Abstract:K2-Think is a reasoning system that achieves state-of-the-art performance with a 32B parameter model, matching or surpassing much larger models like GPT-OSS 120B and DeepSeek v3.1. Built on the Qwen2.5 base model, our system shows that smaller models can compete at the highest levels by combining advanced post-training and test-time computation techniques. The approach is based on six key technical pillars: Long Chain-of-thought Supervised Finetuning, Reinforcement Learning with Verifiable Rewards (RLVR), Agentic planning prior to reasoning, Test-time Scaling, Speculative Decoding, and Inference-optimized Hardware, all using publicly available open-source datasets.

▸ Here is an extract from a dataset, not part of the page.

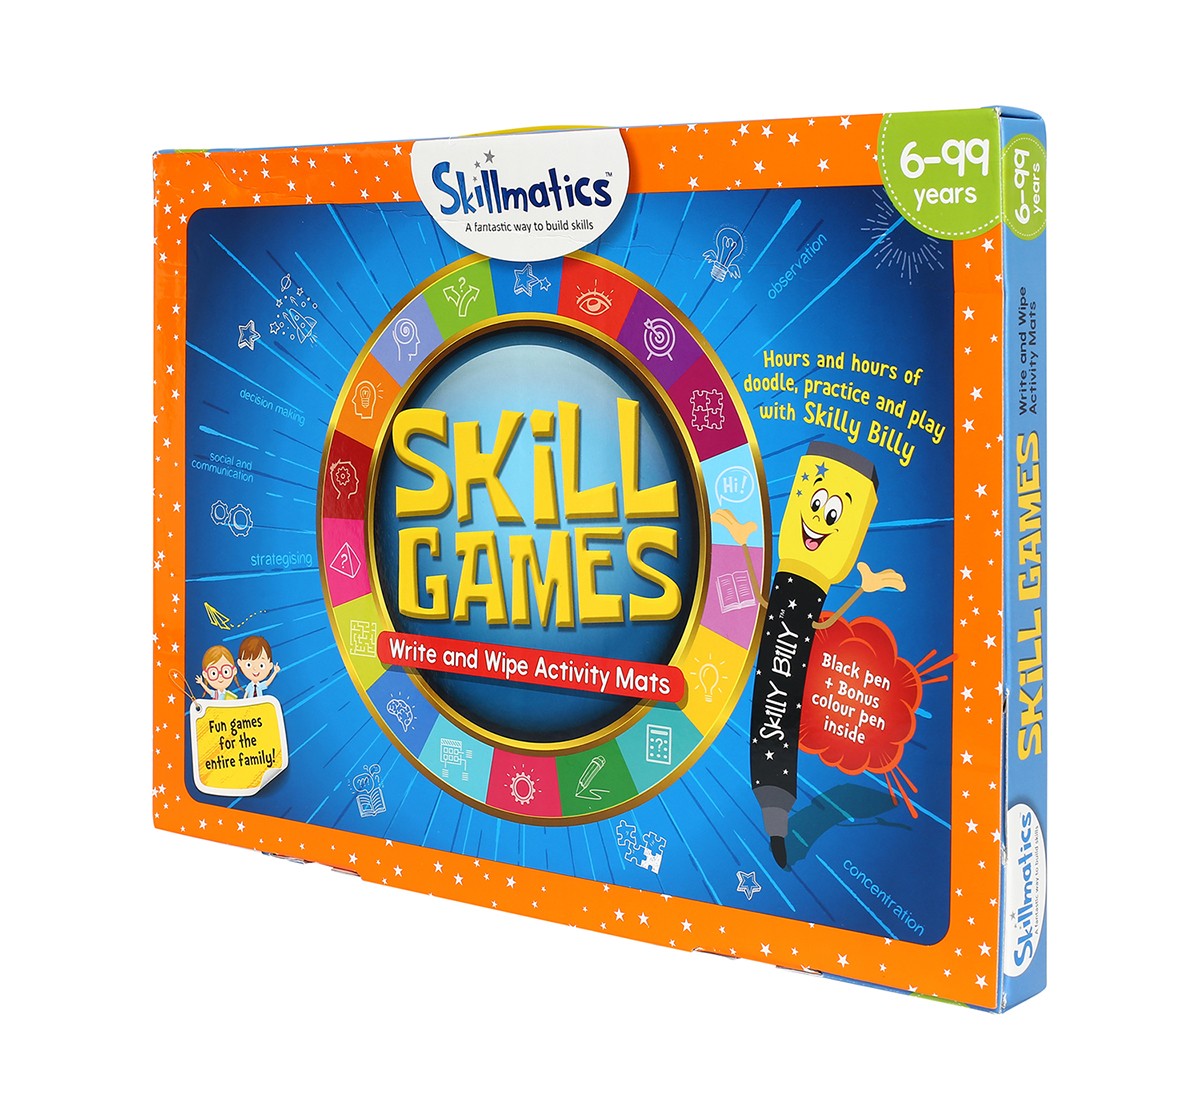 Skillmatics Educational Game: Skill Games (6-99 Years) | Fun Learning Games And Activities For Kids Games for Kids age 6Y+

K2-Think excels in mathematical reasoning, achieving state-of-the-art scores on public benchmarks for open-source models, while also performing strongly in other areas such as Code and Science. Our results confirm that a more parameter-efficient model like K2-Think 32B can compete with state-of-the-art systems through an integrated post-training recipe that includes long chain-of-thought training and strategic inference-time enhancements, making open-source reasoning systems more accessible and affordable. K2-Think is freely available at k2think.ai, offering best-in-class inference speeds of over 2,000 tokens per second per request via the Cerebras Wafer-Scale Engine.